== Task details ==
Output the listing verbatim, leaving out every picture.

━━ Data extract ━━

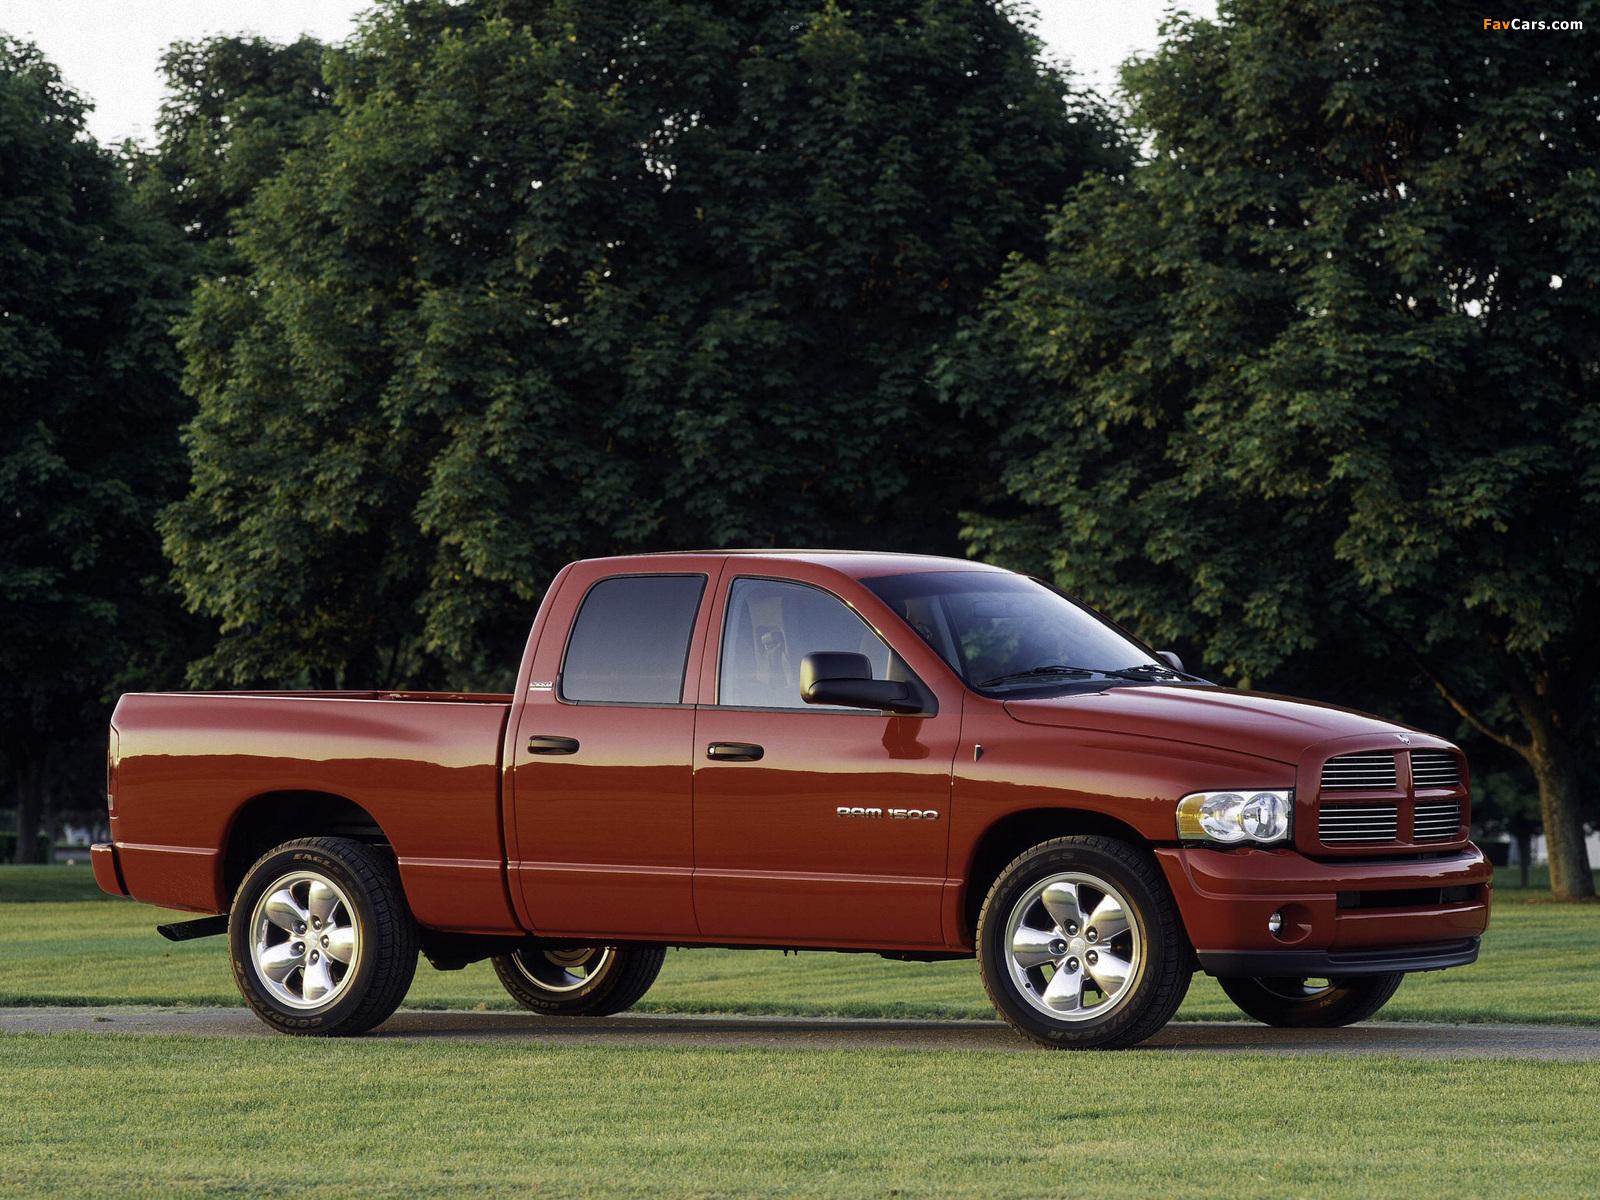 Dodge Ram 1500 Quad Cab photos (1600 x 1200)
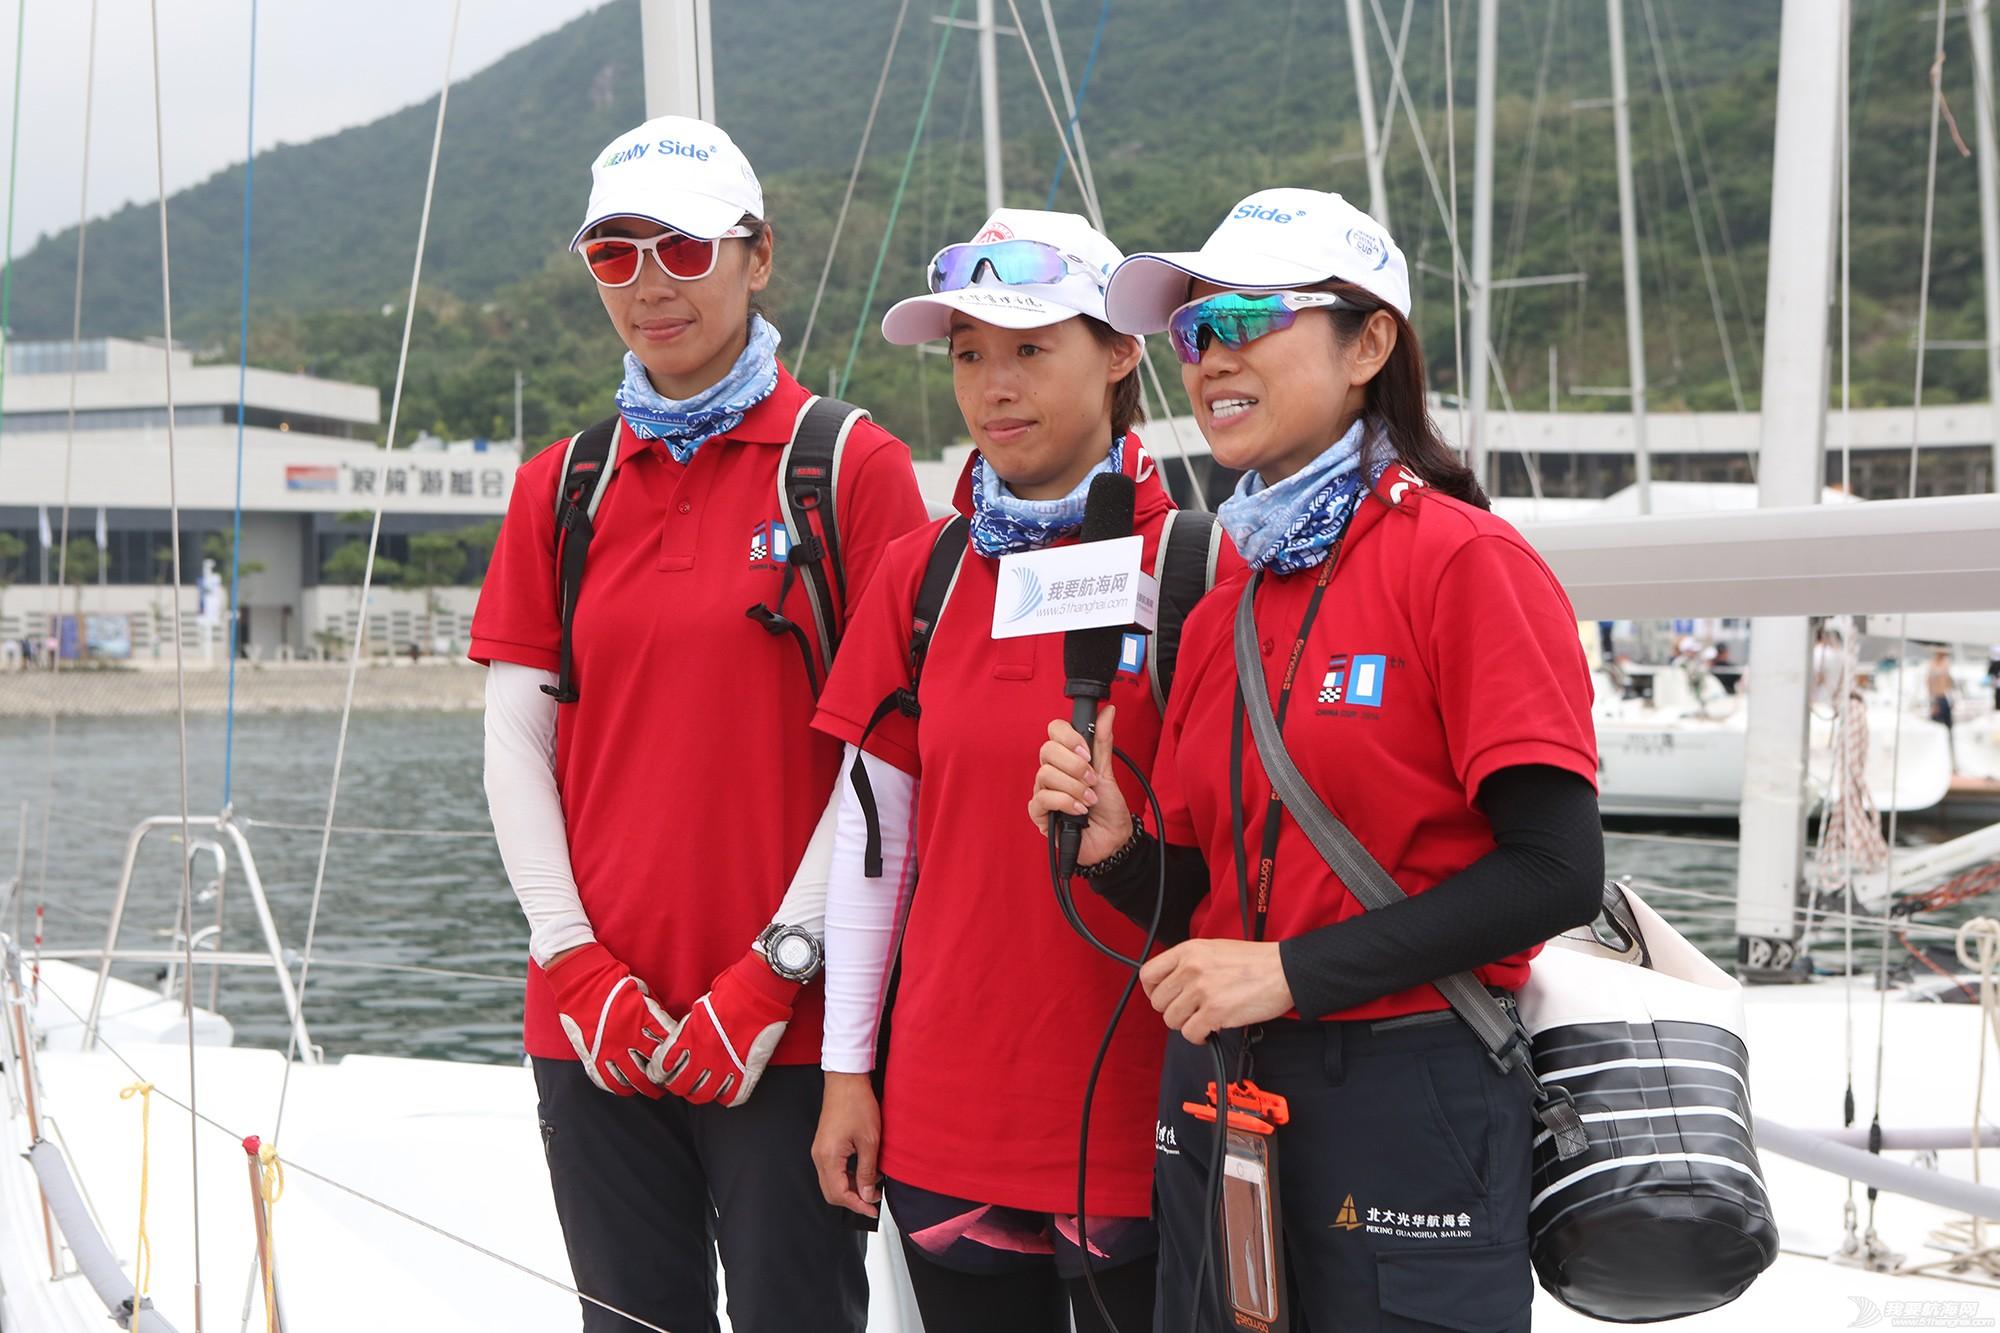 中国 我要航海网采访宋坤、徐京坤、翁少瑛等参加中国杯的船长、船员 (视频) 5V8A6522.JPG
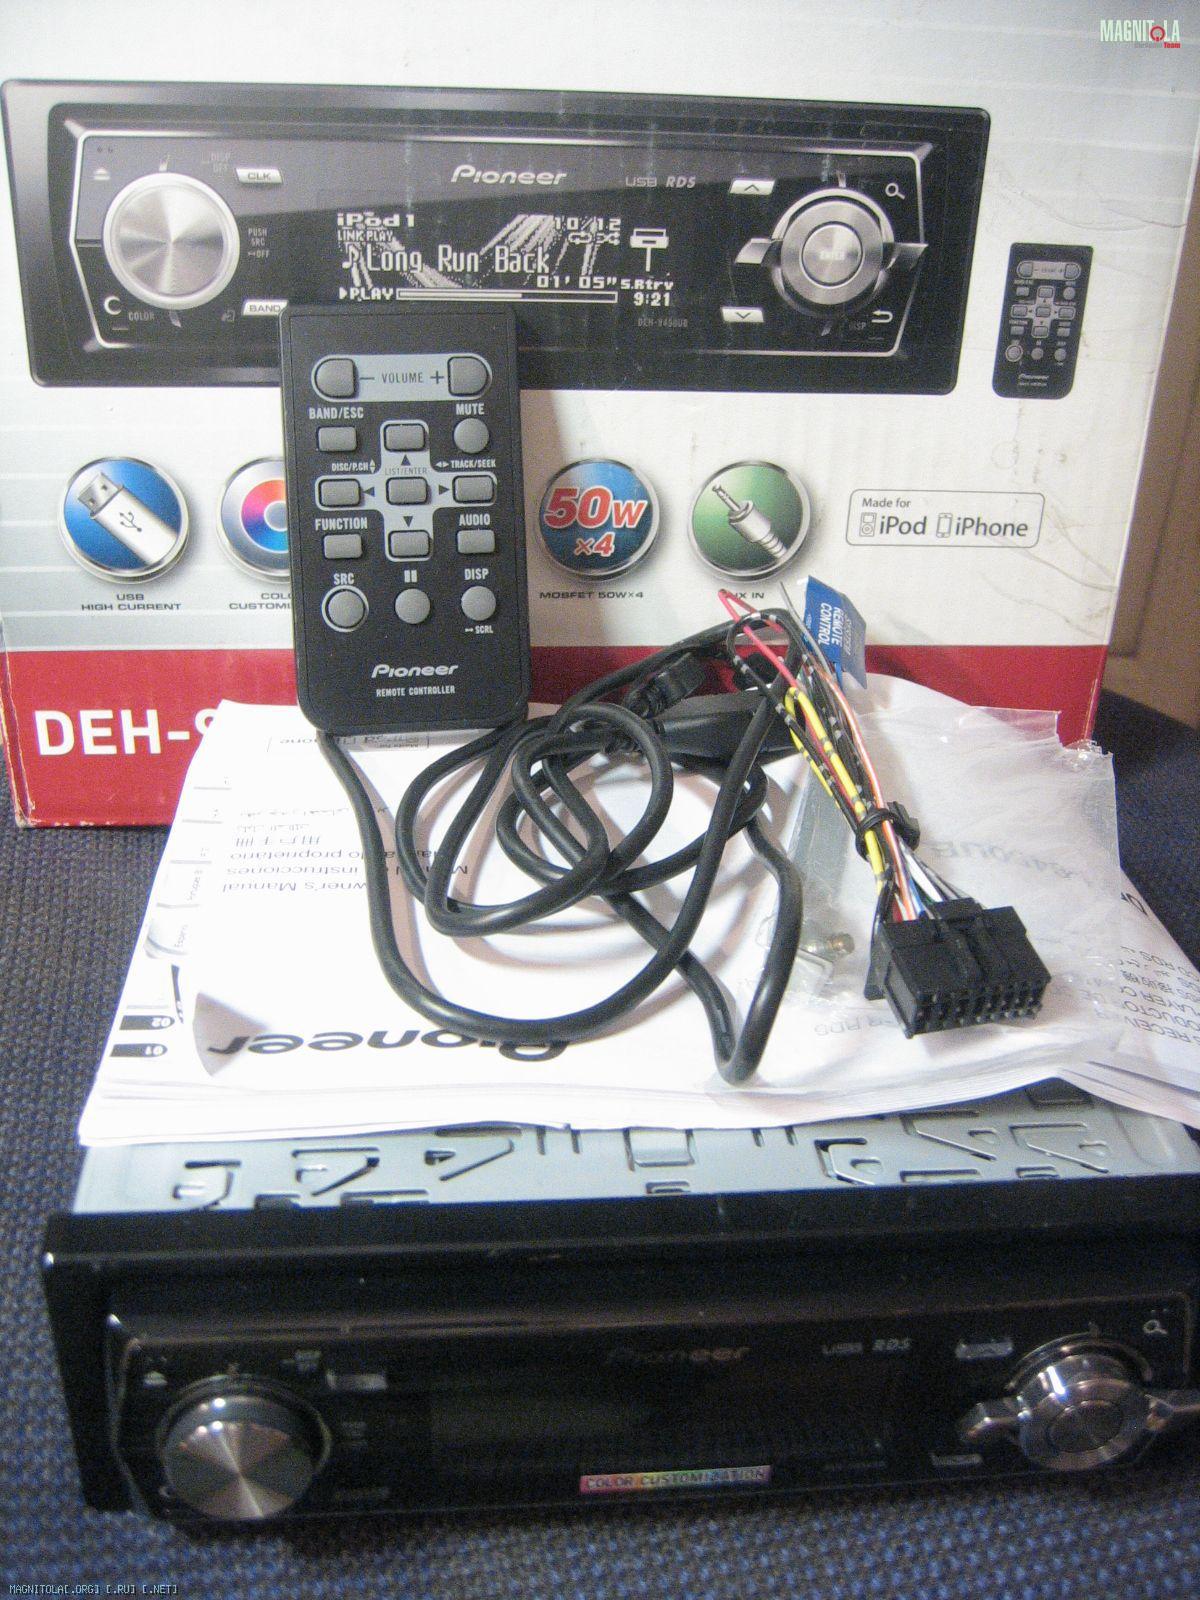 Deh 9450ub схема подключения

━━━

== Solution for this problem ==
 Dodge Ram 1500 Quad Cab photos (1600 x 1200)
 中国 我要航海网采访宋坤、徐京坤、翁少瑛等参加中国杯的船长、船员 (视频) 5V8A6522.JPG
 Deh 9450ub схема подключения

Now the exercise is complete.